What is multi-tenant design? Multi-tenant refers to a principle in software architecture where a single instance of the software runs on a server, serving multiple client organizations. With a multi-tenant architecture, a software application is designed to virtually partition its data and configuration thus each client organization works with a customized virtual application instance.
Thin client is a computer or a computer program which depends heavily on some other computer to fulfill its traditional computational roles. This stands in contrast to the traditional fat client, a computer designed to take on these roles by itself.
Benefits of Cloud Computing
- For the market and enterprises: Reduce initial investment, Reduce capital expenditure, Improve industrial specialization, Improve resource utilization
- For the end-user and individuals: Reduce local computing power, Reduce local storage power, Variety of thin client devices in daily life
Infrastructure as a Service – IaaS
- Examples: Amazon EC2, Eucalyputs, OpenNebula
IaaS is the deployment platform that abstracts the infrastructure.
- IaaS enabling technique: Virtualization (Server Virtualization, Storage Virtualization, Network Virtualization)
- IaaS provided services: Resource Management Interface, System Monitoring Interface
Platform as a Service – PaaS
- Examples: Microsoft Windows Azure, Google App Engine, Hadoop, … etc
PaaS is the development platform that abstracts the infrastructure, OS, and middleware to drive developer productivity.

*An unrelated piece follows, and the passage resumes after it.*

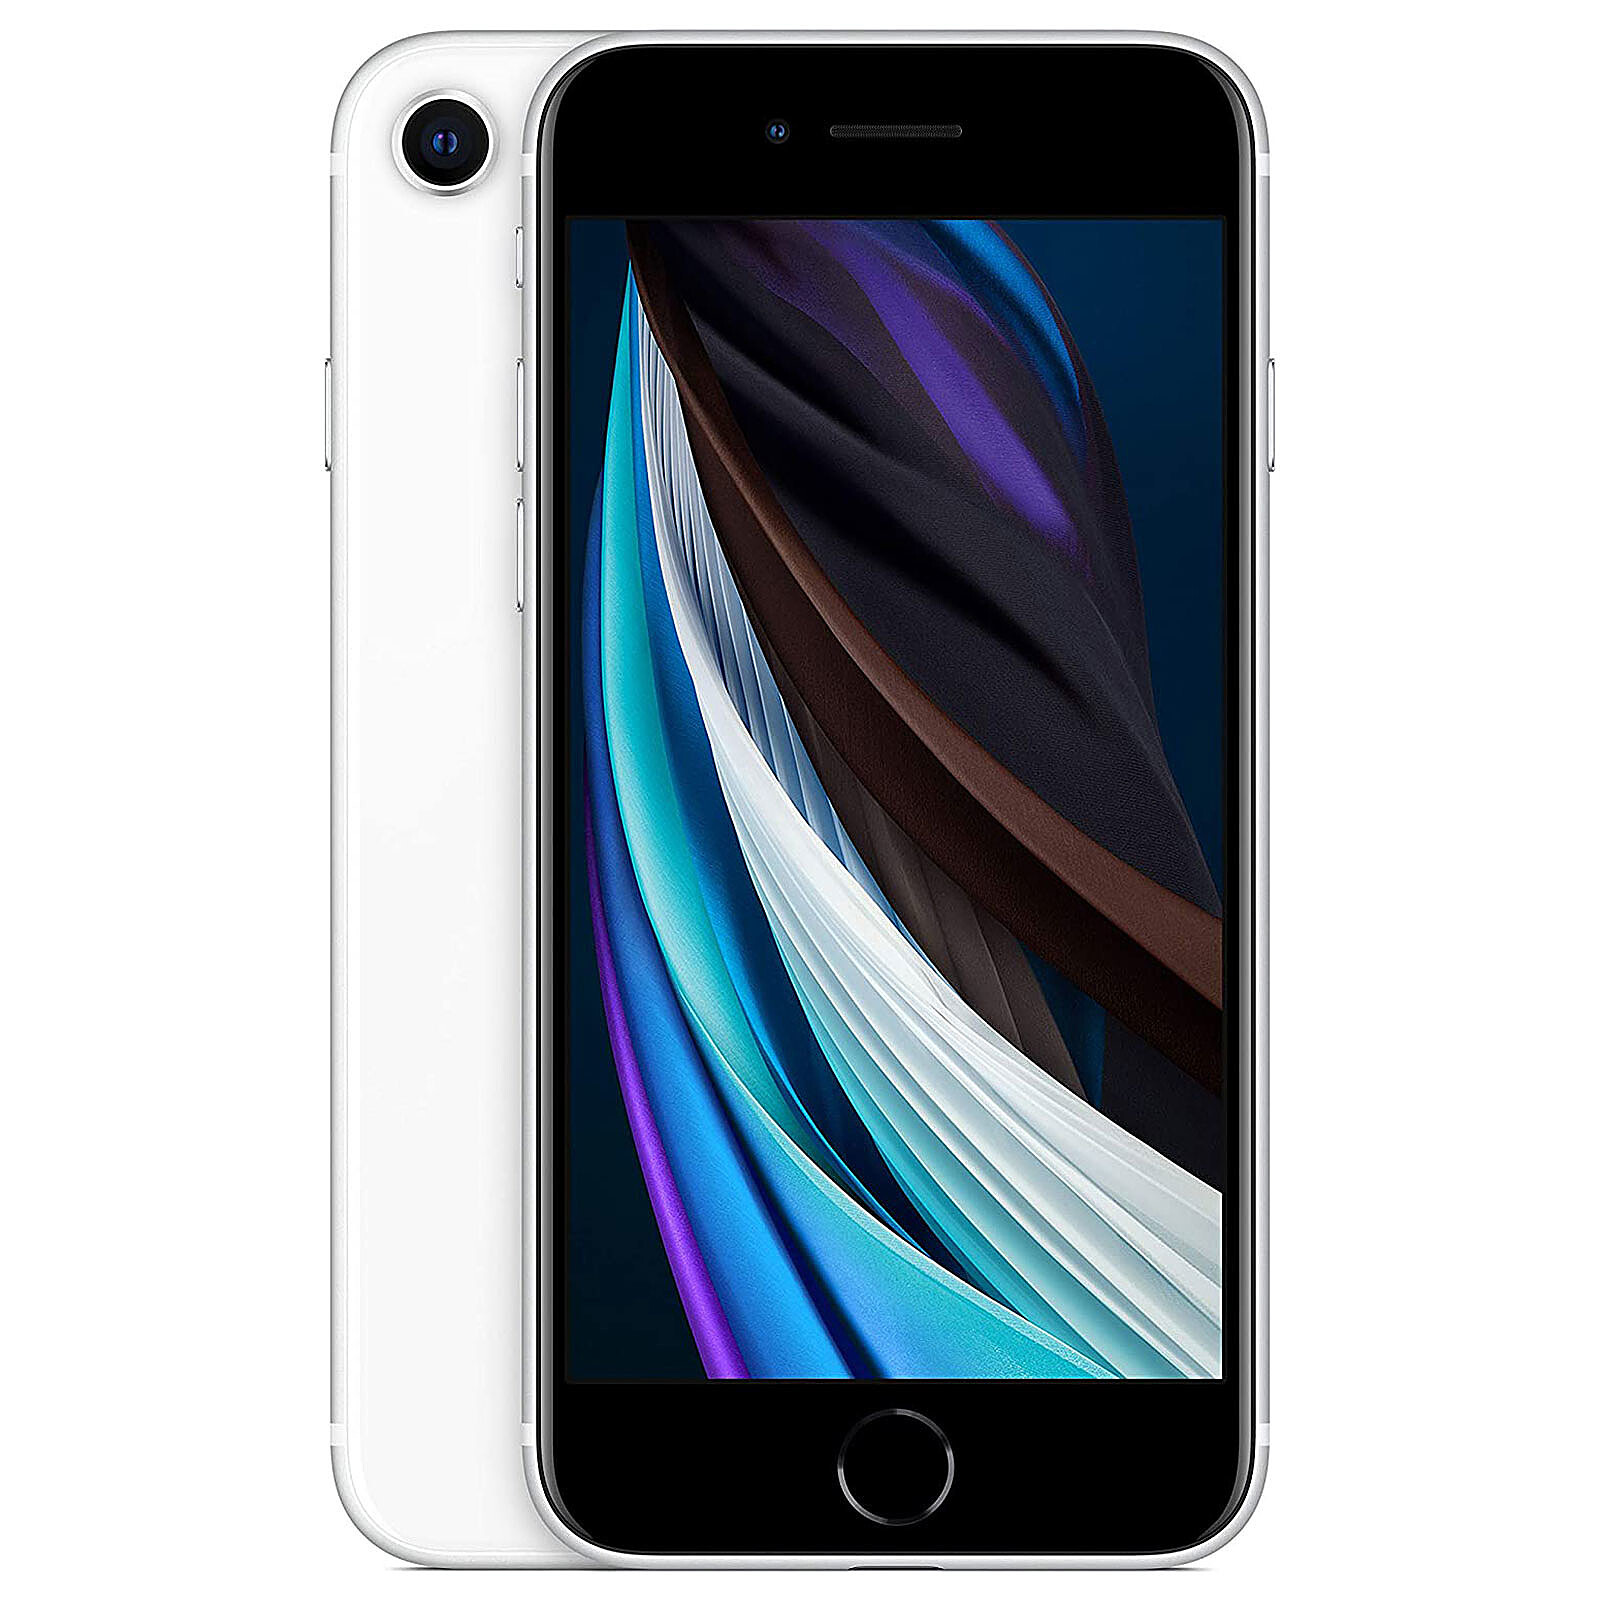 BEST OF APPLE Apple iPhone 8 64 Gb silver - Reacondicionado Grado

- PaaS enabling technique: Runtime Environment
- PaaS provides services: Programming IDE (Programming APIs, Development tools), System Control Interface (Policy-based approach, Workflow-based approach)
Software as a Service – SaaS
- Examples: Google Apps (e.g., Gmail, Google Docs, Google sites, …etc), SalesForce.com, EyeOS
SaaS is the finished applications that you rent and customize.
- SaaS enabling technique: Web Service
- SaaS provides services: Web-based Applications (General applications, Business applications, Scientific applications, Government applications), Web Portal
Cloud Deployment Models
- Public Cloud: The cloud infrastructure is made available to the general public or a large industry group and is owned by an organization selling cloud services. Also known as external cloud or multi-tenant cloud, this model essentially represents a cloud environment that is openly accessible. Basic characteristics: Homogeneous infrastructure, Common policies, Shared resources and multi-tenant, Leased or rented infrastructure, Economies of scale.
- Private Cloud: The cloud infrastructure is operated solely for an organization. It may be managed by the organization or a third party and may exist on-premise or off-premise. Also referred to as internal cloud or on-premise cloud, a private cloud intentionally limits access to its resources to service consumers that belong to the same organization that owns the cloud. Basic characteristics: Heterogeneous infrastructure, Customized and tailored policies, Dedicated resources, In-house infrastructure, End-to-end control.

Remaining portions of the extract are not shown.